In order for n0 to be an integer phi has to have the correct value, i.e. (1 - k -+ 1/2 - phi/pi)/(2k) = m where m is an integer. Thus, 1 - k -+ 1/2 - phi/pi = 2*k*m and thus
phi/pi = 1 - k -+ 1/2 - 2*k*m = 1 - k*(1-2*m) -+ 1/2.
Thus, the phase has to be
phi = (1 - k*(1+2*m) -+ 1/2)*pi.
For k = 1/4, taking the positive maximum, n0 = 0 if phi = pi/4 and n0 = 1 if phi = -pi/4. The sample values adjacent to the maximum are sin(pi/4) = sqrt(1/2). Thus, the signal can be increased by sqrt(2) without exceeding 1 giving intersample peaks of sqrt(2) or +3.01 dBFS. In the limit at k = 1/2, n0 = -phi/pi which is 0 of phi = 0 and 1 if phi = -pi. The sample values adjacent to the maximum are sin(0) = 0 with the inverse being infinitely large. For a 20 kHz signal sampled at 44.1 kHz, for the maximum, n0 = 0 if
phi = (1 - 20/44.1 - 1/2)*pi = (1/2 - 20/44.1)*pi = (44.1-2*20)/(2*44.1)*pi = 4.1/88.2*pi.

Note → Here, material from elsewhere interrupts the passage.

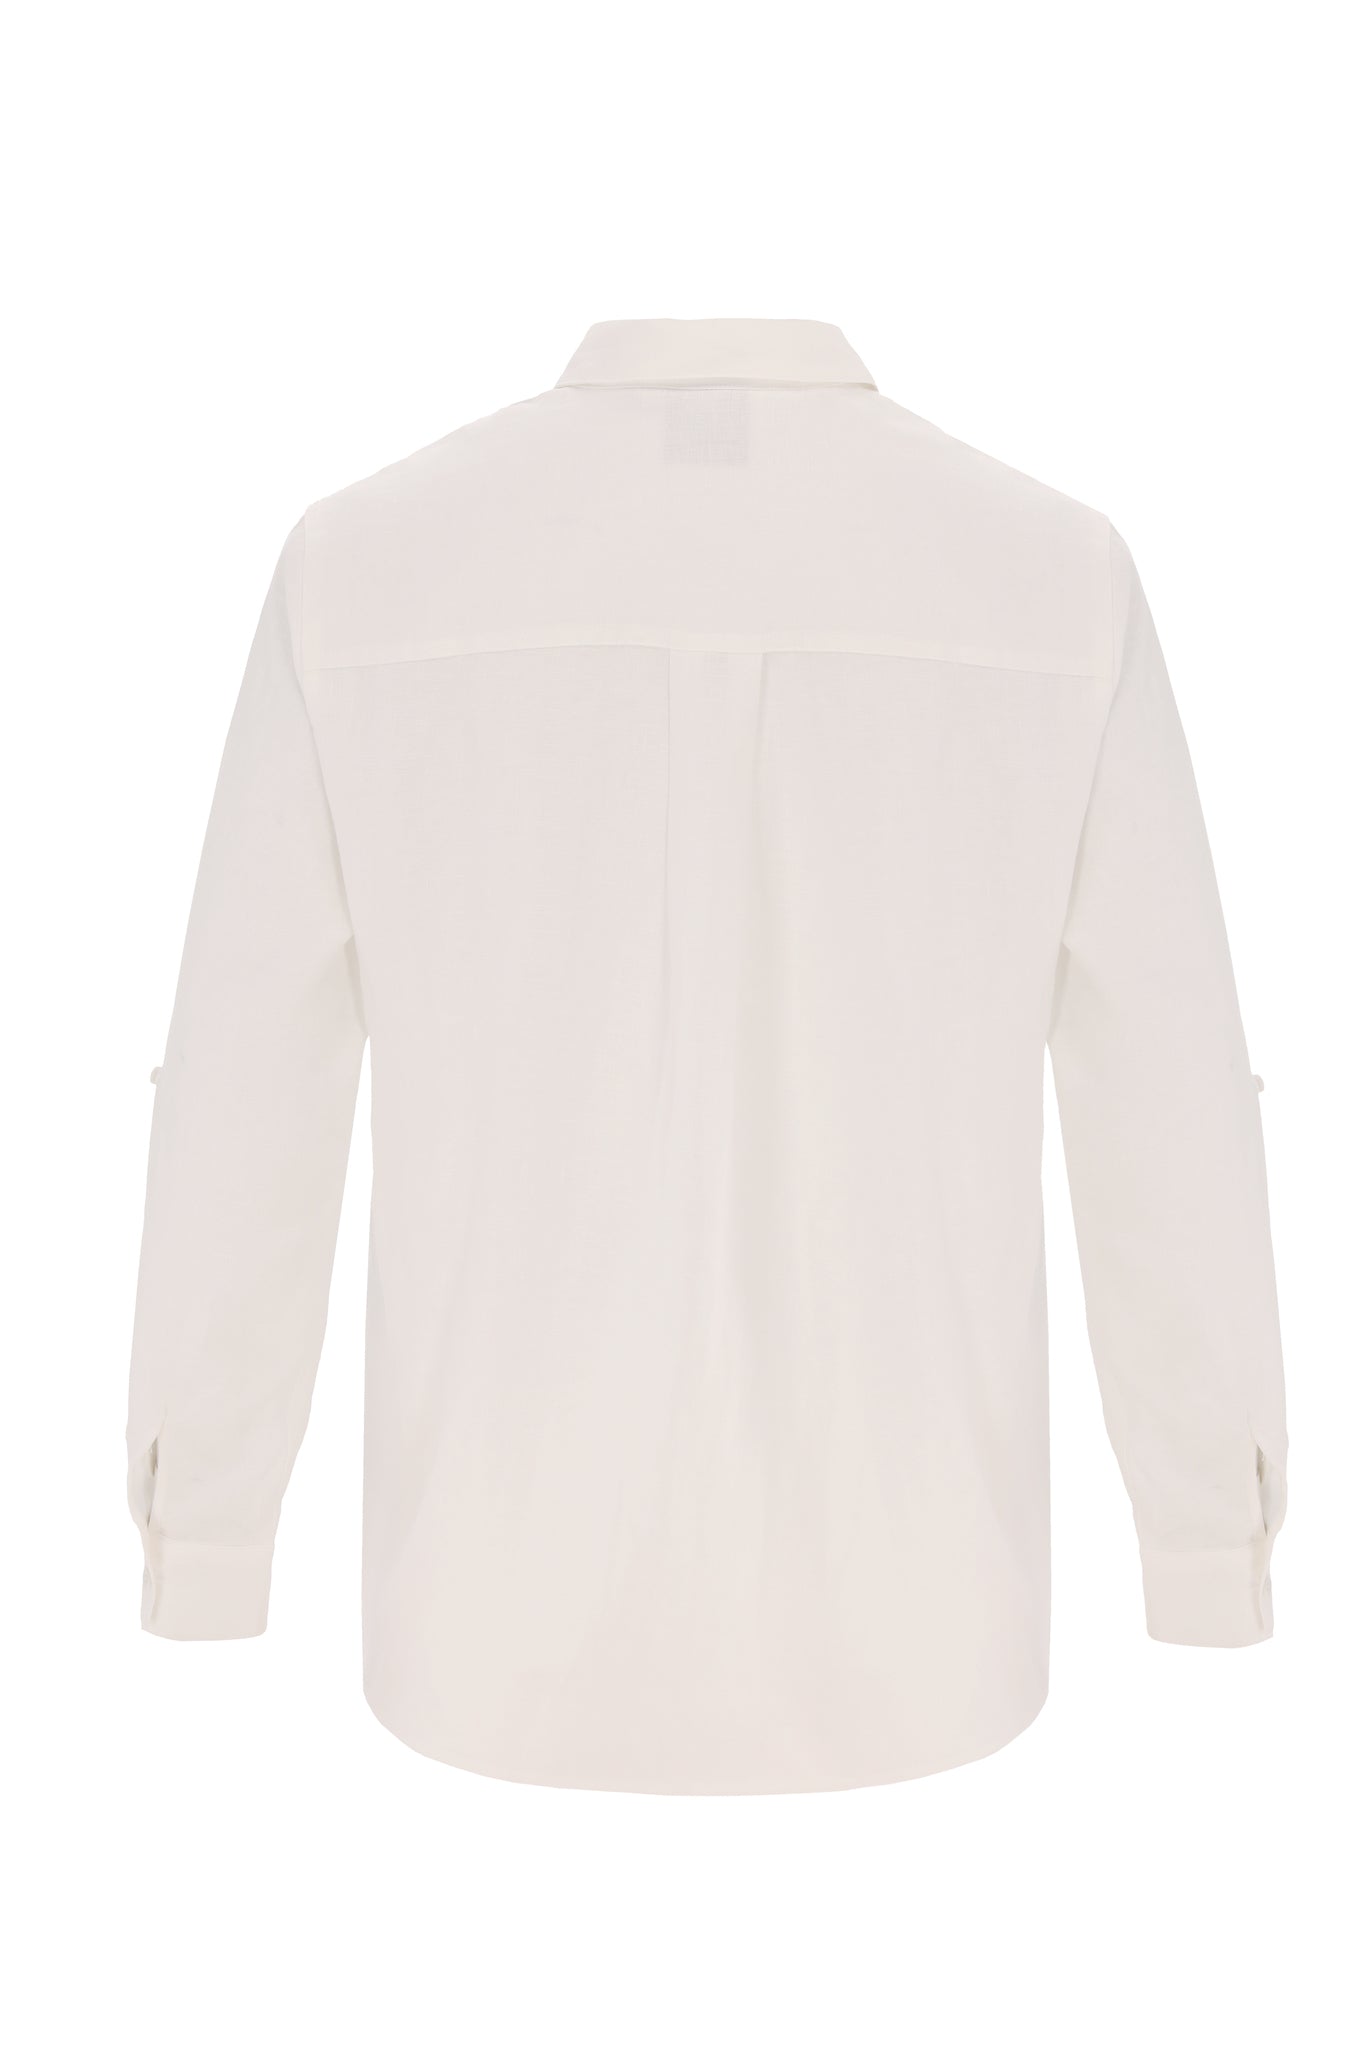 Men Linen Shirt off white

The sample values adjacent to the maximum are sin(pi*4.1/88.2) = 0.1455 which is -16.74 dBFS. The next adjacent sample values are sin(n0+2) = sin((1 + (2*2-1)*20/44.1 - 1/2)*pi) = -0.4242 which is -7.45 dBFS, sin(n0+3) = sin((1 + (2*3-1)*20/44.1 - 1/2)*pi) = 0.6670 which is -3.52 dBFS, sin(n0+4) = sin((1 + (2*4-1)*20/44.1 - 1/2)*pi) = -0.8533 which is -1.38 dBFS, sin(n0+5) = sin((1 + (2*5-1)*20/44.1 - 1/2)*pi) = 0.9673 which is -2.89 dBFS and sin(n0+6) = sin((1 + (2*6-1)*20/44.1 - 1/2)*pi) = -0.9994 which is -0.0055 dBFS. Thus, if the amplitude is ramped up the right way, very high intersample overs may be produced.